Recapping Cash for Clunkers, as auto sales crash

Auto-sales trackers are reporting a crash in purchases nationwide after the Cash for Clunkers stimulus rebate program ended last month. It’s the same in Colorado, where car sales projections are off by record percentages, “probably as bad [a drop] as anything since World War II,” Tim Jackson, president of the Colorado Automobile Dealers Association, told the Colorado Independent.

But Jackson said the dip in sales is only further evidence that the Clunkers program was a success.

“That $3 billion did exactly what it was intended to do. The rest of the Stimulus, I don’t know… I know that that program worked.”

According to auto-industry research site Edmonds.com, new-vehicle sales across the country are expected to fall 40 percent from sales in August, when the Clunkers program was spurring activity. Jackson says it’s impossible to get exact numbers this early but that in Colorado the drop looks closer to 37 percent.

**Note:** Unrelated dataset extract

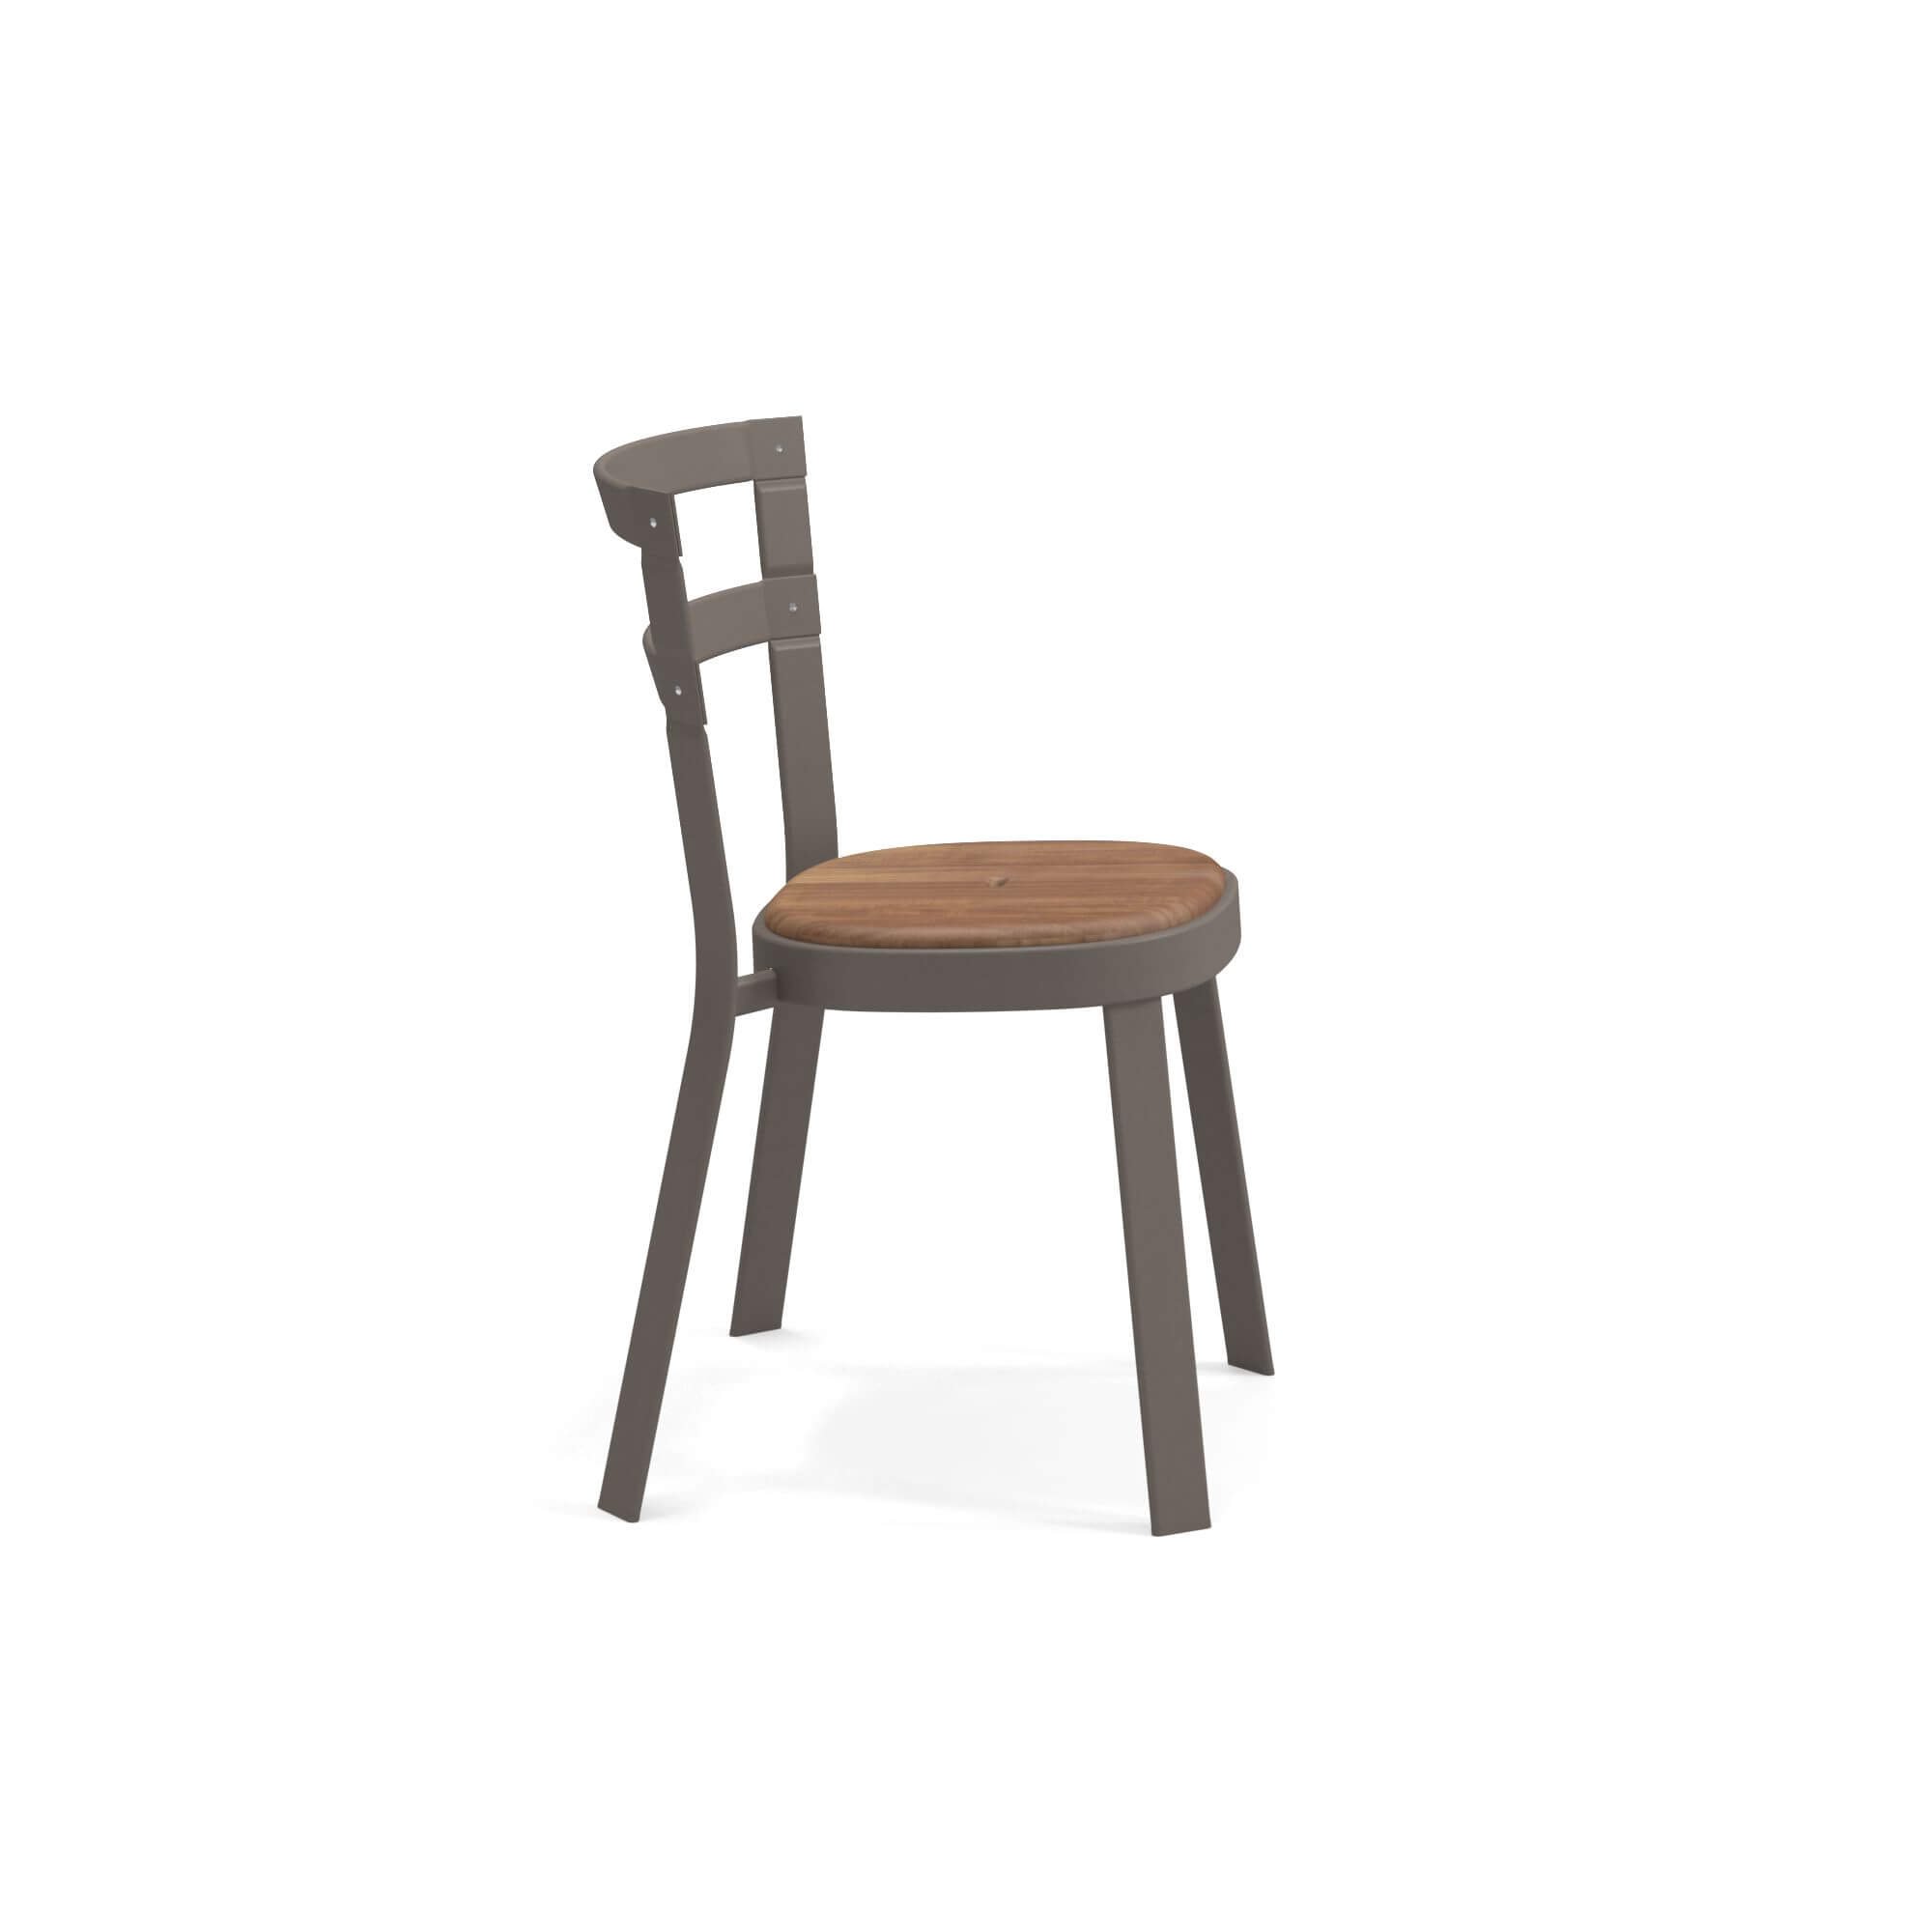 Thor 655 Chair from Emu, designed by Chiaramonte and Marin

It’s bad, he said, and so worth reviewing the clear lessons learned from Cash for Clunkers.

For one, the money was exhausted in 3.5 weeks. He thinks the government could have spent less money per trade-in car and stretched the program over a longer period of time, selling more cars in the end.

He also believes that the gas mileage requirements could have been higher.

“The average moved from 15 miles per gallon to 25 miles per gallon. If we just ramped it up by 3 to 4 more mpgs, we would have doubled [average] gas mileage. That would have had enormous benefits all around.”

The government should have also looked to move the model year of trade-in vehicles back.

“Cars manufactured before 1984 are clunkers,” he said. “We could have offered less money for those vehicles but enough to get more of them off the road, maybe $1000 or $1500 for each of those cars.”

Finally, a major note to take away from the program is that when it comes to car sales and shaping the complexion of the kinds of cars that fill U.S. roadways, government incentives can have an enormous effect.

“Tax incentives for efficiency will work. Clunkers demonstrated clearly that the government can spur auto sales.”